PM é preso após esposa ser encontrada morta com tiro na casa em que moravam em SP

Larissa Cruz Morata foi encontrada caída no chão do banheiro da casa do casal com um ferimento de bala na cabeça

Reprodução/Redes Sociais

O policial militar Vinícius Costa Silva foi preso temporariamente na tarde desta segunda-feira (7), um dia após sua mulher ter sido encontrada morta com um tiro na cabeça na casa onde moravam, em Embu das Artes, região metropolitana de São Paulo.

O PM afirmou em depoimento que ela cometeu suicídio, versão contestada pela família da vítima e sobre a qual a Polícia Civil afirma haver “dúvida razoável”. O caso é tratado como morte suspeita.

“[Havia] dúvida razoável quanto a se tratar de suicídio, em razão daquilo que foi apurado no local, em razão da perícia técnica e de todos os elementos que foram colhidos pelos investigadores”, diz Bruna Caracho Crippa, delegada de Embu das Artes.

O advogado Roberto Montanari, que defende o PM, disse à Folha que Vinícius “desde o primeiro momento relatou às autoridades que Larissa tirou a própria vida”.

“Trata-se de uma tragédia profundamente dolorosa, que atingiu de forma irreparável as famílias envolvidas e, sobretudo, o filho do casal”, disse.

Larissa Cruz Morata, 29, estava caída no banheiro da casa quando a polícia chegou ao local, por volta das 11h. A arma do PM estava embaixo do corpo dela e acabou apreendida. Também foram recolhidos o coldre, o carregador, munições e o estojo de um disparo.

Foi Vinícius quem acionou a Polícia Militar. Ele afirmou aos agentes que encontrou a mulher morta ao acordar. O PM disse em depoimento que ele e Larissa haviam conversado sobre o fim do relacionamento horas antes e negou envolvimento na morte.

Segundo ele, a mulher sabia onde a arma era guardada.

A irmã do policial, que esteve no imóvel horas antes, relatou ter presenciado uma discussão entre o casal sobre o fim do relacionamento.

A defesa do policial confirma o teor da conversa, mas diz que Vinicius “jamais praticaria qualquer ato de violência contra Larissa, pois, apesar do término no dia dos fatos, mantinham uma boa relação e tinham em comum o cuidado e o afeto pelo filho, sem qualquer histórico de violência anterior”.

Parentes afirmaram à polícia que Larissa vivia uma fase feliz e não teria motivo para tirar a própria vida. Segundo parentes, ela ligou para a avó entre 8h e 9h e disse que havia terminado o relacionamento e estava arrumando as coisas para deixar a casa com o filho, de 2 anos.

Uma familiar afirmou que era possível ouvir, ao fundo da ligação, sons de outras pessoas dentro da residência.

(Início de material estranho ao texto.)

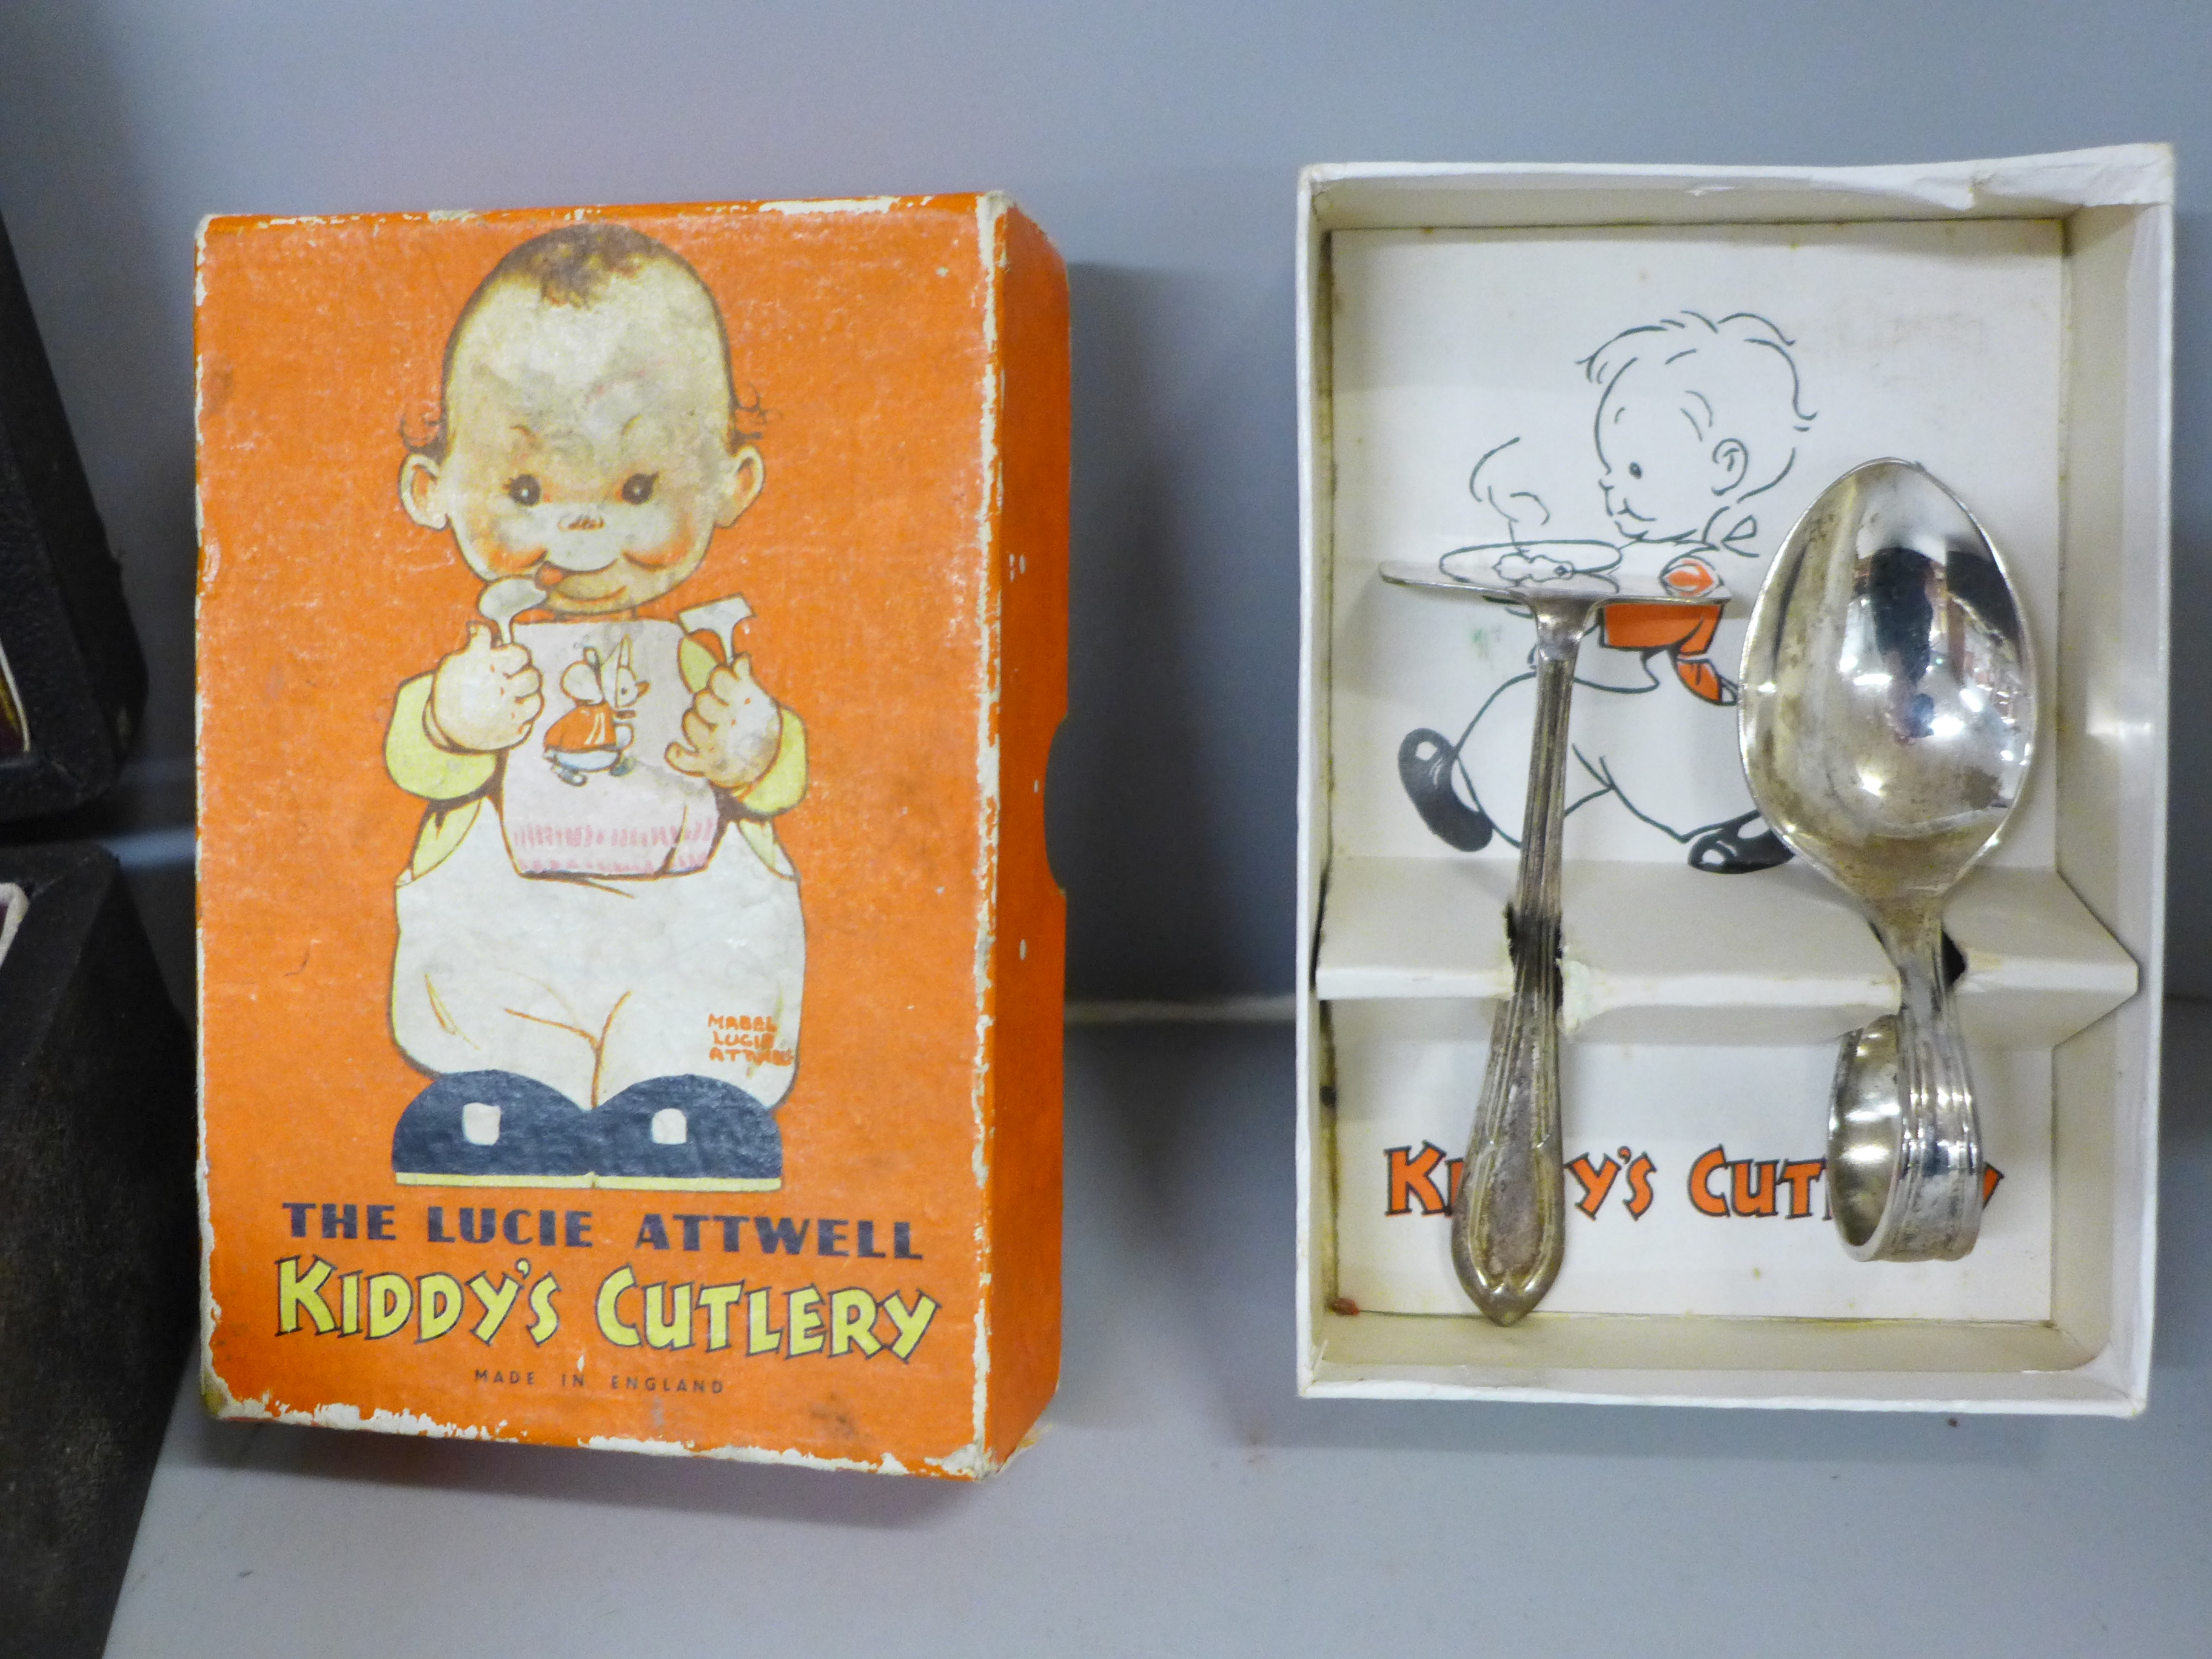 A collection of flatware and a boxed The Lucie Attwell Kiddy's Cutlery set, boxed - Image 2 of 3

A defesa de Vinícius afirma que vai apresentar à Justiça conversas anteriores entre Larissa e familiares de Vinicius nas quais ela “manifestava pensamentos relacionados à possibilidade de tirar a própria vida diante de uma eventual ruptura do relacionamento”.

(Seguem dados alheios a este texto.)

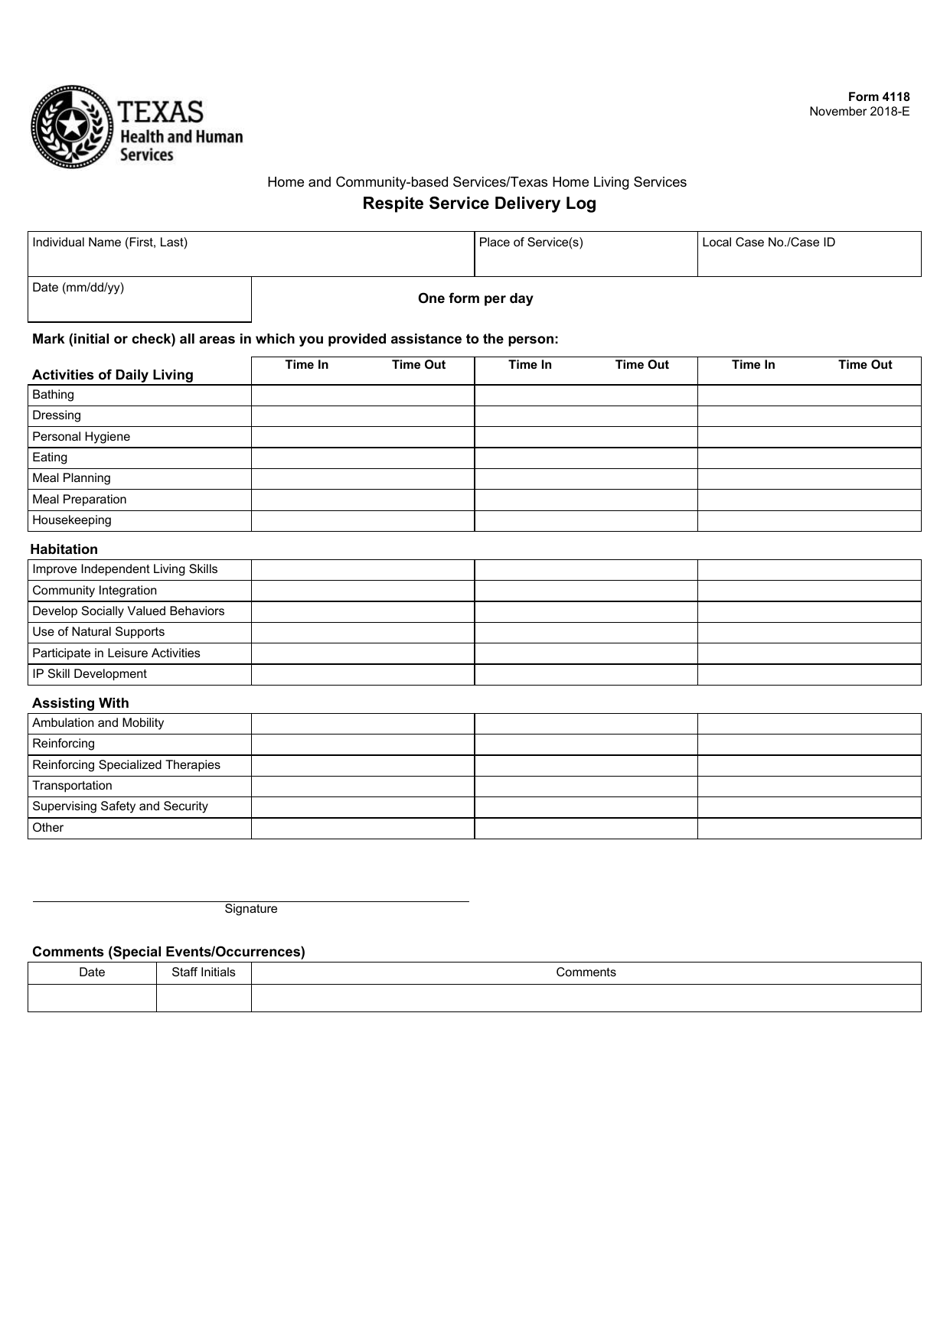 Form 4118 Respite Service Delivery Log - Texas, Page 1

Para o advogado, esse material é relevante para o esclarecimento dos fatos e as mensagens não serão divulgadas neste momento em “respeito à intimidade de Larissa, ao filho do casal e ao trabalho das autoridades responsáveis pela investigação”.

Larissa deixa o filho, que morava com o casal e está sob os cuidados da família materna. O corpo foi enterrado nesta segunda-feira (7), no cemitério Valle dos Reis, em Taboão da Serra.

A delegada Bruna Caracho Crippa afirma que o delegado de plantão e peritos foram até o local e encontraram Larissa caída no chão com um tiro na cabeça.

Após investigações no local, o PM, a irmã dele e parentes da vítima foram para a delegacia, onde acabaram ouvidos. O caso foi registrado como morte suspeita.

Segundo Crippa, a decisão da prisão ocorreu após análise do ferimento no IML (Instituto Médico Legal).

“A perita responsável observou alguns dados curiosos em relação à trajetória desse projétil e a forma como essa mulher veio a óbito”, afirma.

“Somadas a outras razões que colhemos durante as investigações preliminares, a colaboração dele em relação aos fatos e às oitivas que tivemos aqui na delegacia, formei juízo de convicção e decidi representar pela prisão temporária dele.”

A detenção foi cumprida nesta tarde desta segunda-feira com o auxílio da Corregedoria da Polícia Militar e do batalhão em que o policial militar fazia parte.

A Secretaria de Segurança Pública estadual disse que foram requisitados exames periciais nas mãos da vítima e do marido, além de exames balísticos na arma apreendida e análises dos demais vestígios coletados.